研究目的
To determine whether within primary CRCs with KRAS mutations intratumoral KRAS mutation heterogeneity can be detected between two strictly defined areas, i.e. the luminal (mucosa/submucosa) and peripheral invasive front of the tumor.
研究成果
No KRAS mutation heterogeneity was found between luminal and peripheral invasive parts of CRCs with KRAS mutations irrespective of tumor grade and site. This supports the idea that KRAS mutations are acquired early and remain during progression of CRC.
研究不足
The study was limited to the analysis of KRAS mutations in codons 12 and 13 and did not explore mutations in other codons or genes that may also influence resistance to anti-EGFR therapy.
1:Experimental Design and Method Selection:
Laser-capture microdissection was applied to separate tumor cells from benign stromal cells, and a commercially available high-sensitivity real-time PCR-based diagnostic assay for KRAS mutation testing, with the CE-IVD mark, was used for molecular analysis.
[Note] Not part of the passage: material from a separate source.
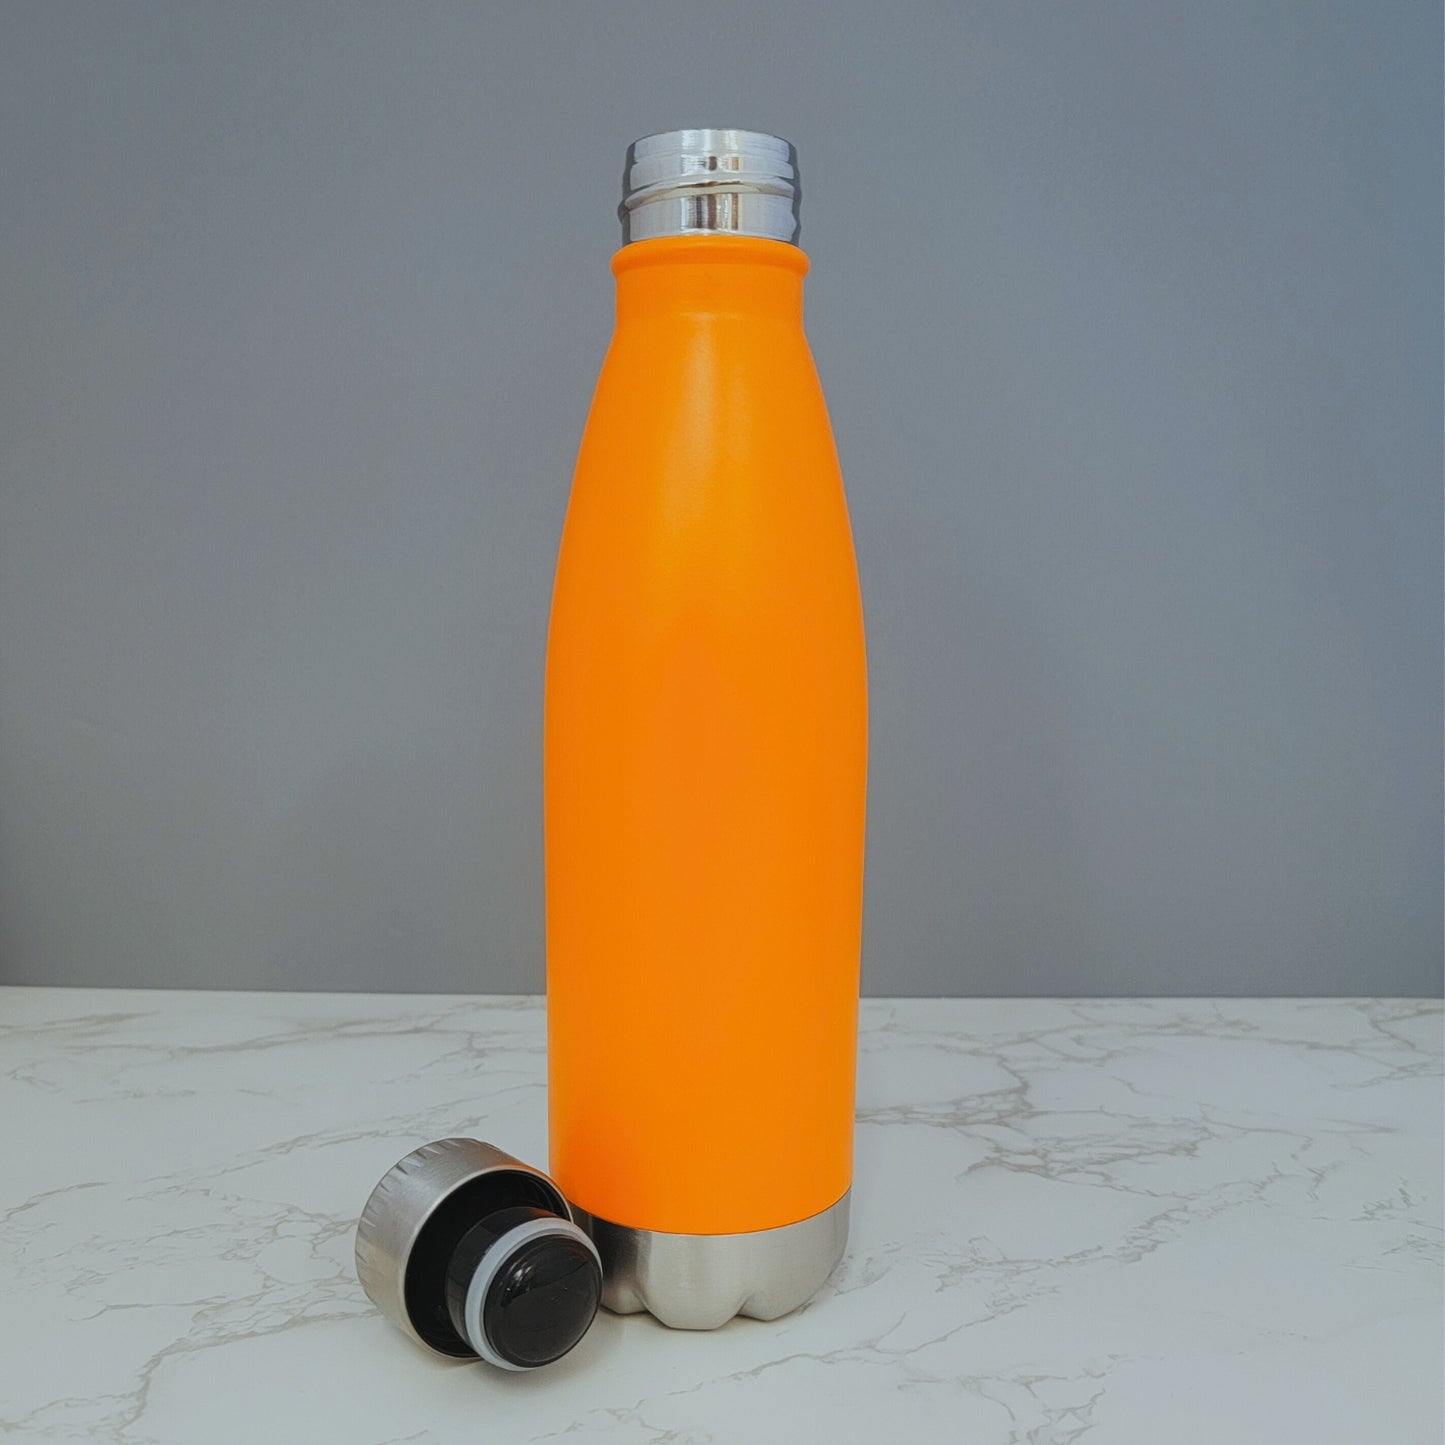 Basic Witch Halloween Theme Orange 17oz Water Bottle LA5137

2:Sample Selection and Data Sources:
Tumor tissue from 14 FFPE CRCs in which KRAS mutations had been previously detected.
3:List of Experimental Equipment and Materials:
PALM MicroBeam laser-capture microdissection system, PNAClamp KRAS mutation detection kit, QIAamp DNA FFPE tissue kit, NanoDrop 2000 Spectrophotometer.
4:Experimental Procedures and Operational Workflow:
From every tumor about 400-500 nests of cancer cells were excised from each of the examined areas (luminal and peripheral) for molecular analysis.
5:Data Analysis Methods:
The presence of KRAS mutations was detected with the PNAClamp KRAS mutation detection kit.